Reboot of Server stop notifications?


#1

Is there a way to say that if you have x number of services all failing to either send only one notification for all of them (if the groups are the same) or have it test to see if the host is up, and only send the host down message?

I thougth I had everything working the way I wanted then did a reboot, and got a lot of email :frowning:


#2

you should either setup host/service dependancies or define parents in your hosts.cfg file.
You see, if nagios makes a check of a service and it fails, it then checks to see if the parent is down. If the parent fails, it checks it’s parent and so on, until it finds a parent that is “UP”. So now nagios knows, that the problem is not every single host, but just one host that is blocking all the others from working. So now, since your contacts.cfg says you only want c, w, r you don’t get the “unreachable” emails. But since you don’t have it setup like that, then how would nagios know what is important and what is not?

I fail to see the case that our httpd server is going to go down at the same time as the other server running ftp. If it does, then surely you want to know this don’t you? If the problem is not actually the ftp or httpd server but only a network problem, then why haven’t you defined your network as part of nagios? Nagios is not just to monitor a bunch of PC’s. Those pcs are plugged into the netork, so you should be monitoring that also.

If you have setup your nagios the way I"ve described in dozens of threads in this forum, like the “adding switches” then you won’t have the problem you describe.

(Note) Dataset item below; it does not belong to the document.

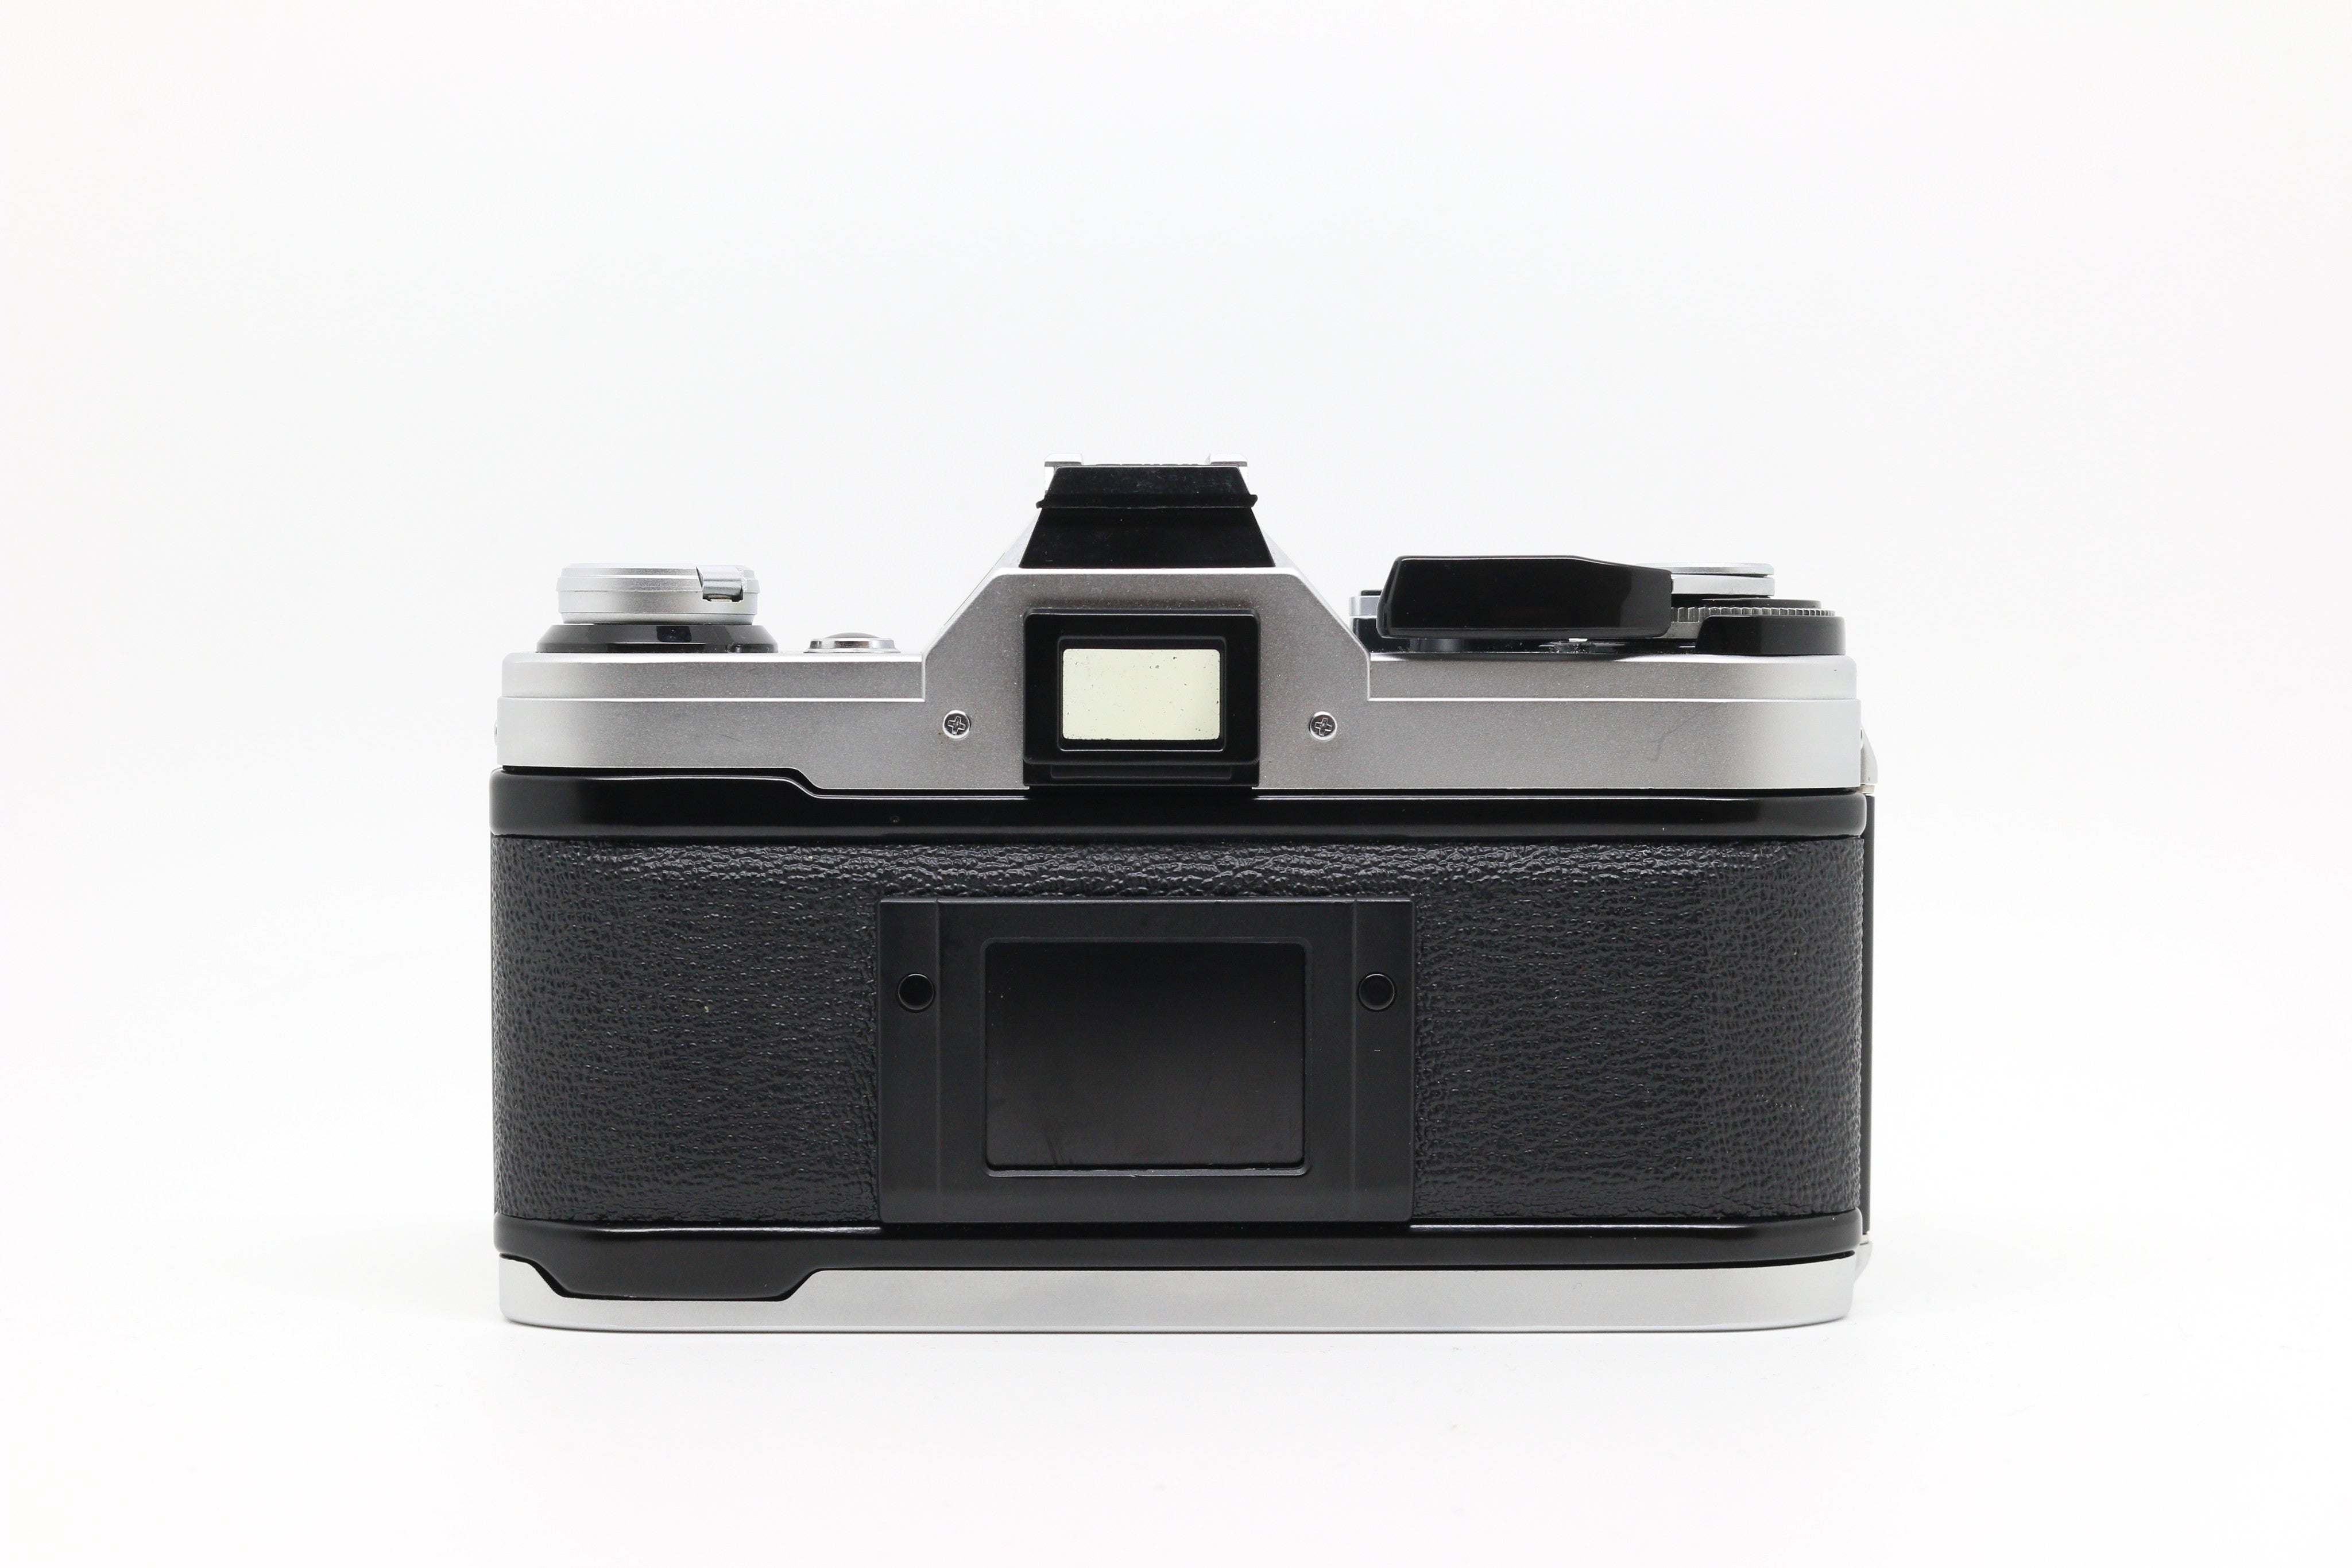 Canon AE1 & 50mm 1.8 FD Lens

But to answer your question flat out, NO. Nobody is going to want a tool like nagios, that will only send out one email when 12 hosts are down, if in fact there are 12 problems. But, if there is actually only ONE problem, but it is blocking 11 other hosts from working, then that is due to you not configuring nagios as I’ve described.


#3

ps, why would a reboot show all of your hosts down? Did the checks actually fail? They must have failed since you got alerts. Does it show this behavior each and every time you reboot?
If so, change nagios.cfg
retain_state_information=1
state_retention_file=/usr/local/nagios/var/status.sav
use_retained_program_state=1